Korea Herald, citing ‘industry observers’, puts the figure that has been quoted to government officials at as much as 100tn won (about $66.7bn) of damage to the wider South Korean economy, given the country’s semiconductor concentration and the AI-cycle dynamics that have lifted the Lee family’s paper wealth from $22.7bn to $45.5bn in twelve months.
The 100tn-won figure is on the upper end of the available estimates and not directly sourced to a named analyst; it is hedged here for that reason. The point survives the hedge.
What makes the bonus formula the right place to hold the line is the comparable next door. SK Hynix agreed in September last year to scrap its bonus cap and allocate 10% of annual operating profit to staff, locked in by contract for ten years.
In 2026 forecasts, the arithmetic produced an average payout of about $477,000 per worker this year and approaching $900,000 next year, across roughly 35,000 staff. The Samsung workforce, watching that maths land at the company they consider their direct peer, has spent the past year asking why the same formula does not apply to them.
The answer they have been given is that it might, in the form of a one-time payment that does not bind future years. The answer they have asked for is that it must be in the form of a contract clause.
Lee Jae-yong’s Saturday apology is the part to read carefully. South Korean chaebol heads do not bow on camera unless the underlying dispute has crossed a threshold inside the company.
The Korea Herald’s account of the apology described it as a ‘rare’ gesture, which in this context means the first such gesture from Lee since his 2017 corruption sentencing era. The apology was not about the bonus formula specifically.
It was about the optics of an 18-day strike beginning in three days, against the backdrop of an AI cycle that has been visibly enriching the family that holds 5% of Samsung Electronics’ direct equity and considerably more of its actual control.
The reason that gesture matters here is that it telegraphs to the union, where the actual ceiling on management’s flexibility sits.
The government’s position is that emergency arbitration remains on the table, but that direct intervention is the option the president would prefer to avoid. President Lee’s X post is the carefully calibrated version of that preference.
South Korea has not invoked the emergency-arbitration mechanism against a major chaebol in recent memory; the political cost of doing so against Samsung specifically, with a worker-side argument framed around AI-era profit-sharing, would be visible enough that the option is more useful as a threat than as a tool.
Both sides know this, and the mediators too. The president’s social-media tone, on Monday morning, suggests the administration is closer to letting the strike begin and reading the resulting pressure than to forcing the issue before Thursday.

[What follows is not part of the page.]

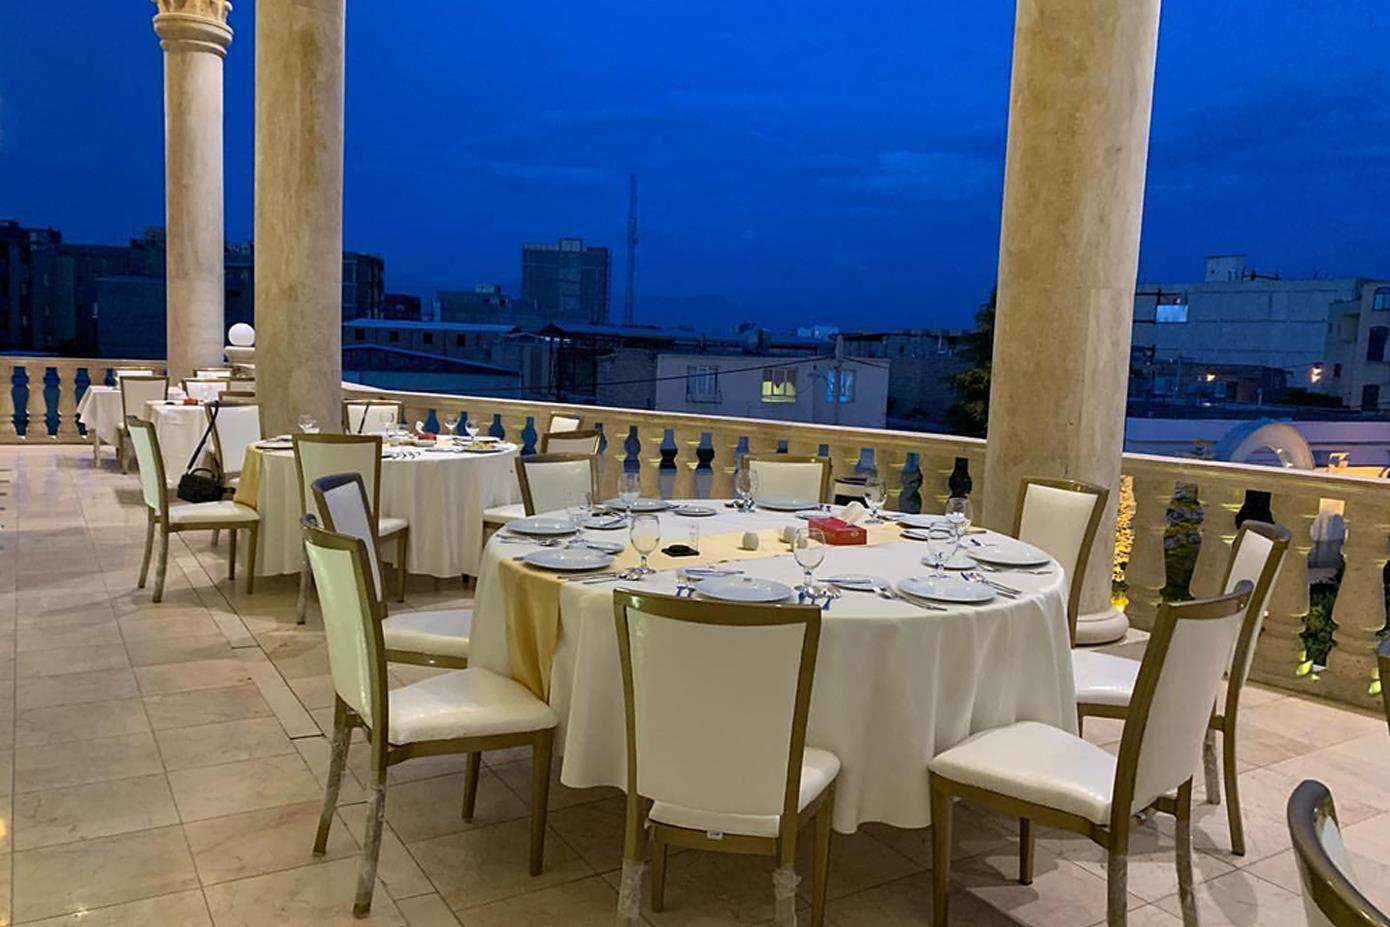 باغ رستوران بهرامی باغ رستوران بهرامی کرمان

The structural fact underneath the past two weeks of choreography is that Samsung’s bonus talks have kept breaking over the same point of disagreement, in the same words, with the same numerical gap, across multiple rounds of mediation and multiple proposals from management.
The two sides are not far apart on the size of the pool. They are far apart on what gets written down. The 10%-or-EVA structure Samsung put on the table on Monday is closer to the union’s number than to the company’s previous offer, and the gap that remains is not, on its face, a number the negotiations cannot bridge.

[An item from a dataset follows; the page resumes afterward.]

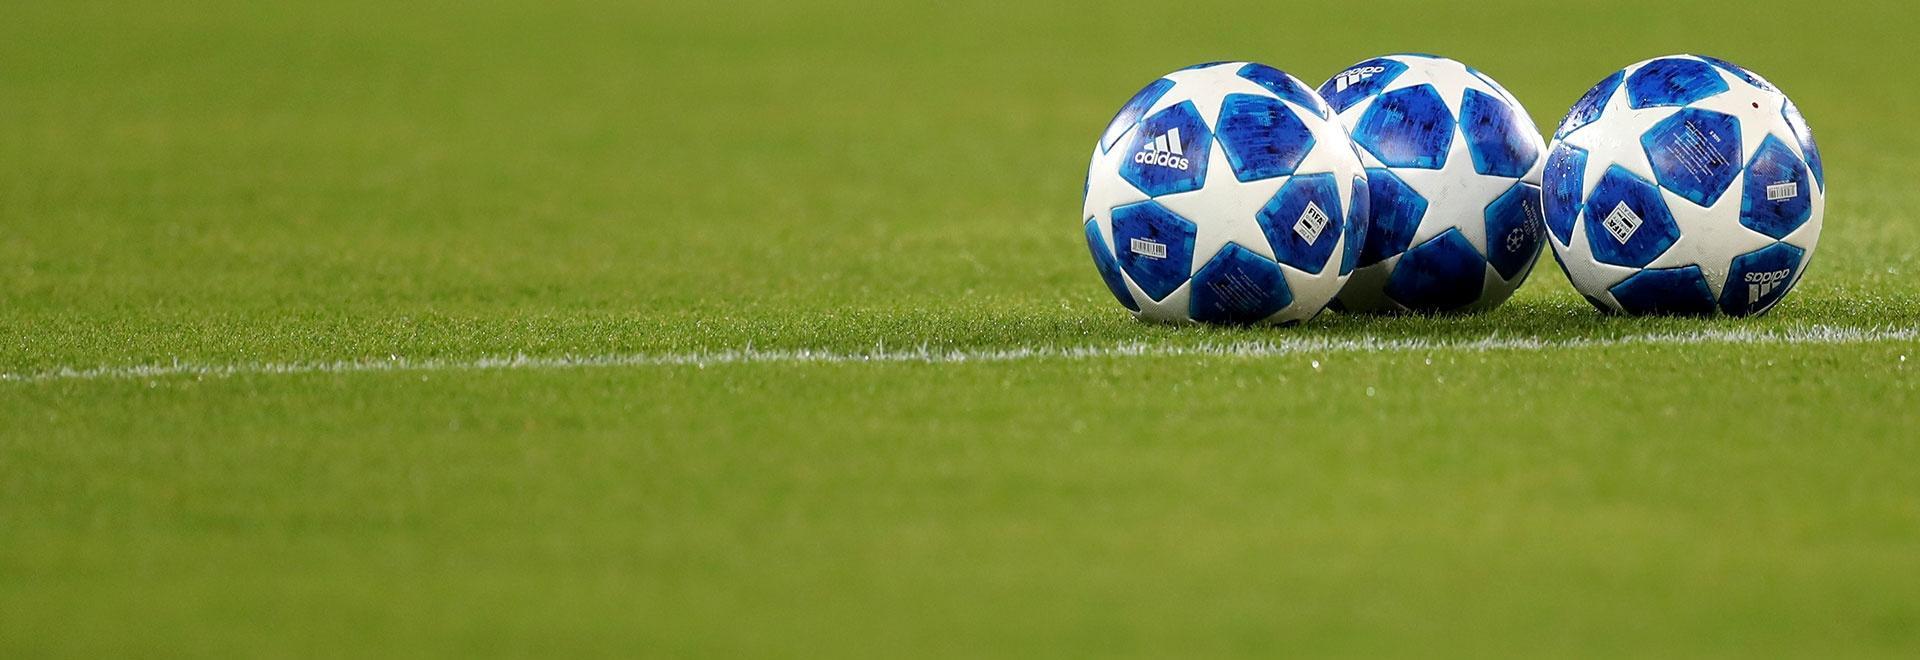 Liverpool - Real Madrid 10/03/09

What the workers are holding out for is the same thing chaebol-era Samsung has historically been reluctant to give up, which is a contractual constraint on how senior management distributes the company’s earnings.
The bonus formula is the proxy for that constraint. Whether the strike begins on Thursday will be decided not by the size of the offer Samsung makes between now and then, but by whether that offer contains the line of text the union has been asking for since 14 May.
Monday’s resumed talks will, in plain mathematical terms, either produce that line of text or they will not. The picket line and the supply chain that runs through it follow from the answer.